Макар положил козленка на лежанку, прикрыл какими-то лохмотьями.
— Живу, Федя, как тот сапог ночью — то в ров ступит, то в кизяк… Разве в мои годы живут? Жду, когда черти возьмут, да и все тут. А ты ж как, молодицы себе еще не приглядел?
Федор Несторович наклонил голову, не зная, что и сказать.
— Коли есть, бери. До каких же пор бобылем жить… А мертвые за это в горло не вцепятся.
Макар примостился возле лавки на стульчике и начал скрипеть напильником по резине.
— А я вот занятие нашел — калоши клею. Заезжали ко мне позавчера какие-то инженеры, воду из колодца термометром мерили для чего-то и сказали: «Лучшей воды, дедушка, чем у вас, нет во всей России…» Это они и камеру бросили, спасибо им, потому что я к клееным калошам еще с войны так приспособился, что магазинные надену, так словно совсем босой.

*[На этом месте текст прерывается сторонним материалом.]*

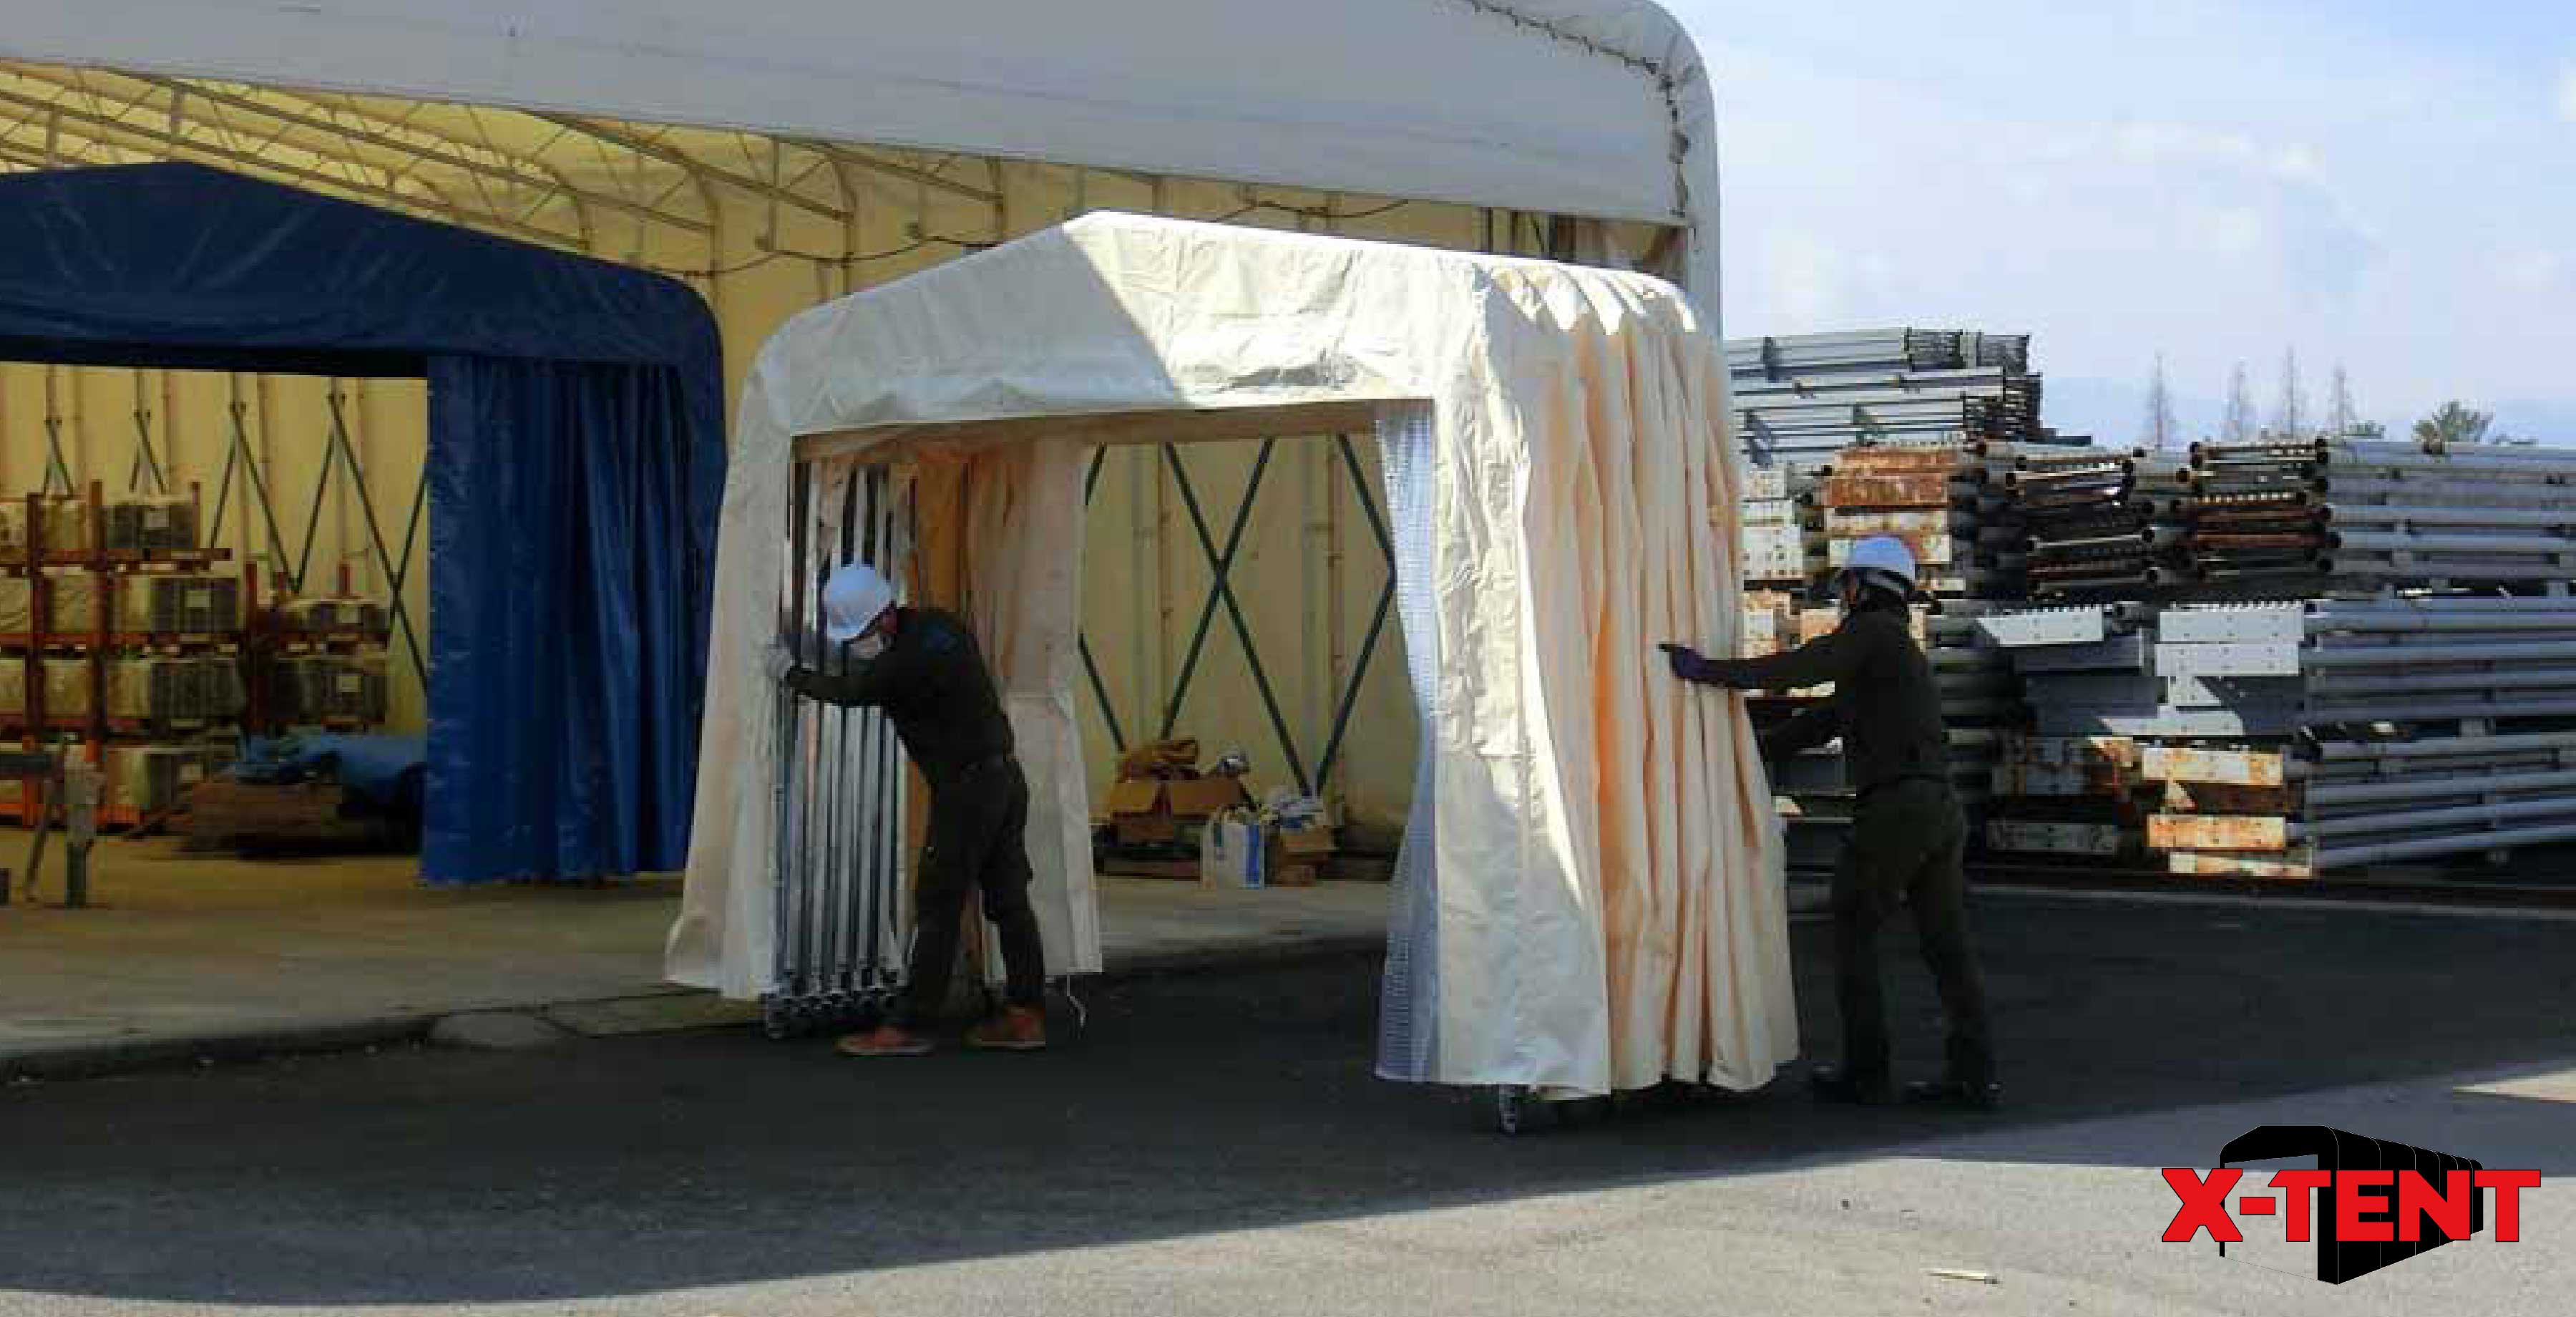 確認申請不要！ジャバラで移動可能な小型テント倉庫がおすすめ

Макар ощупывал камеру, разминая ее пальцами, как кожевник телячью кожу. Перекладывал из руки в руку разные деревяшки, оббитые теркой из тоненькой белой жести, и уже в который раз рассказывал Федору Несторовичу во всех подробностях, как в их хату попала бомба прямо у него на глазах, как в воздухе долго оседали перья из подушек, а самолет кружился так низко, что даже были видны оскаленные зубы летчика и блестящая змейка на комбинезоне. И не было в этом рассказе ни трагических оборотов, ни вздохов, были лишь старческие потуги вспомнить все таким, каким оно было в самом деле.
— Всего-то и не запомнишь, — сокрушался Макар, — потому что у старого память, как дым: все вверх да вверх…
На дворе начало проясняться. В хате посветлело так, что на потолке стали видны синие дождевые пятна. На пол закапала вода — размеренно, словно стук часов. Но Макар не обращал на это внимания — он был туговат на ухо.
— Буду я двигаться, — сказал Федор Несторович, поднимаясь.
— Ну, как знаешь.
Макар отложил напильник, высморкался и вновь стал мять резину.
— Когда наведаешься еще, загляни.
Солнце заходило красно. Дождевые капельки на деревьях и травах сверкали пурпурно-зелеными искорками, наполняли лес тонким звоном. Туча сползла за реку и остановилась там, раскинув над лесом гигантские вороньи крылья. Где-то далеко между стогами соломы взблескивали молнии, погромыхивало.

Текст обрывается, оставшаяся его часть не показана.